Chad immediately came across to me as having the look of a cartoonist. 40-ish, relaxed, on the verge of slovenly dress. Wore a loose fitting cotton shirt, baggy pants, had slightly tousled hair – a wide forehead. He also had the mannerisms of a successful cartoonist. His head was in the clouds, but his feet were firmly on the floor. I got the sense that he’s a private person who would have preferred to be home, doing what he likes to do best – drawing cartoons. This, as opposed to his having to stand before a group of people and talking about his life’s work.
I took note of the fact that much of his life’s work involves self-promotion, He had a Tundra logo on his shirt, and brought Tundra books and calendars along for those who wished to purchase them. And he also came with another tool of his trade, a carefully-crafted slideshow.

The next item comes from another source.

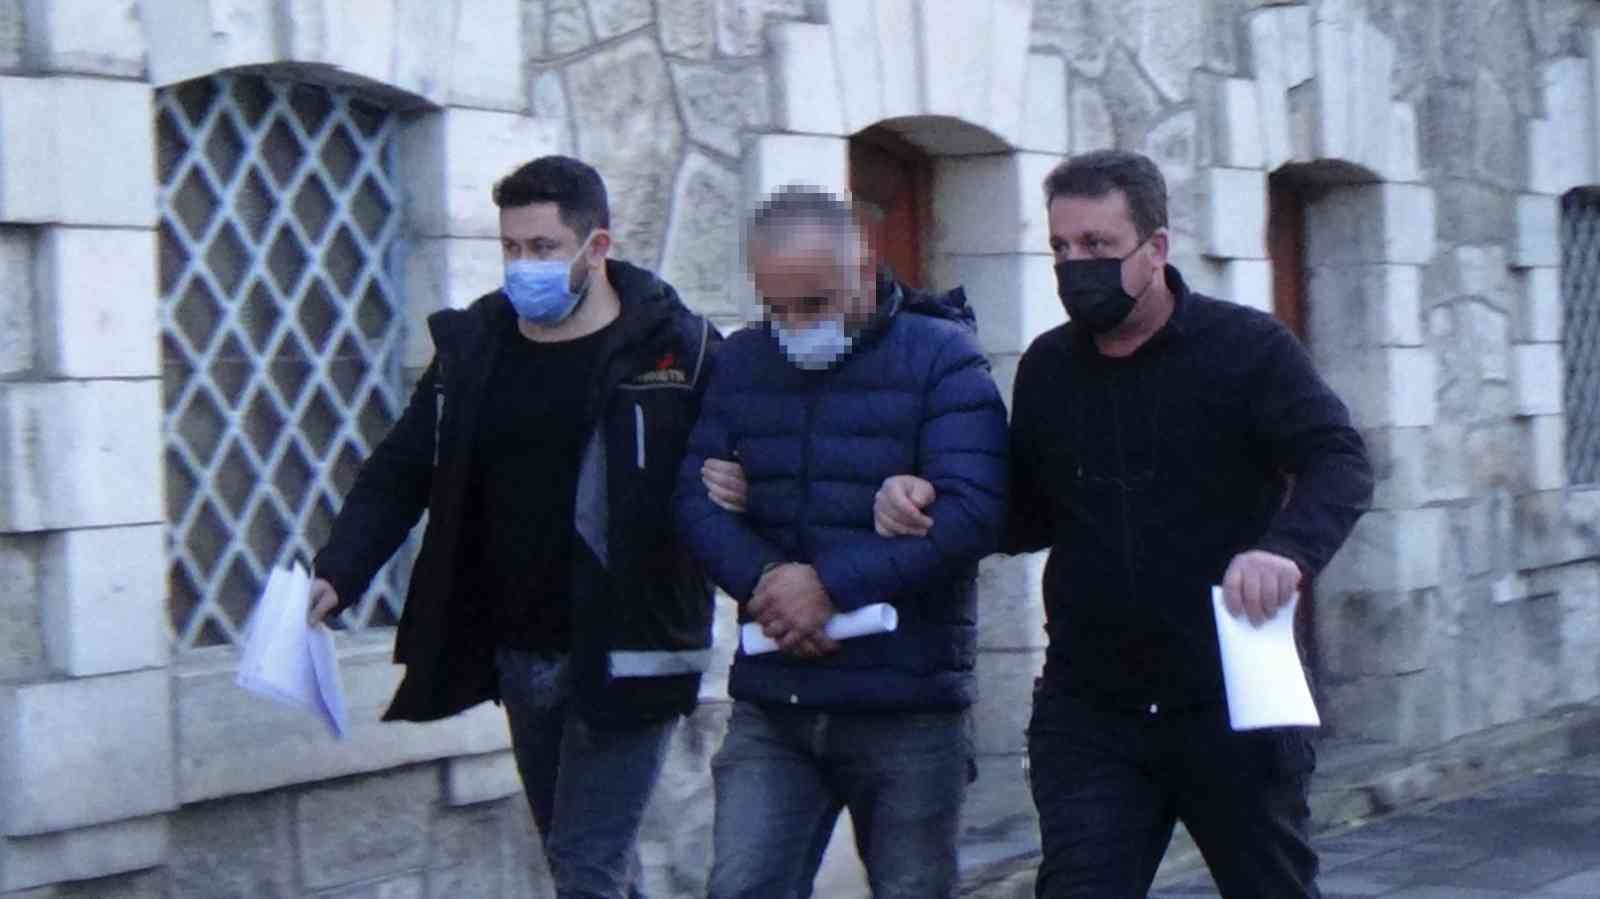 Kütahya’daki uyuşturucu operasyonuna 1 tutuklama #kutahya

Chad said a great deal that was of interest to me. My ears perked up when he talked about his composing process. Others must ask this question, because it was one of the subjects of his slide show. He told us all that he’s often asked where he gets his ideas – he said when he was in the zone, in that state between sleeping and waking. And too, from experience. All laughed when he then showed a slide of a cat in a litter box, reaching for a roll of empty toilet paper.
The question that perhaps the Phi Theta Kappa-ites might have been asking themselves was, well, what, if any, big questions are being addressed here? I suspect that for many, the question very well might be what is the cartoonist’s societal role? Chad definitely alluded to the fact that it’s to get people to think. Hence, his brief talk about the subject of hate mail. He used a few examples from his work to make his point – that malcontents are taking his “comic” ideas too seriously.
I’m not a Phi Theta Kappa-ite – rather, I’m a writer/artist. So I asked a little question which first lead to an insight, and later, to a medium sized question. After his talk, during the question and answer, I asked Chad if he had any dry spells, and he said yes, this happens, and furthermore the thought of having to come up with 365 cartoons a year is a daunting task. Chad added that coming up with ideas is hard, but drawing the cartoon is easier.
This got me to thinking – the idea, or impetus for the cartoon provides a mental framework for the image – the rest is sort of like filling in the blanks. Could it be that in such instances that the left brain does the heavy conceptualizing and organizing, and that the right brain brings this to fruition? I dunno.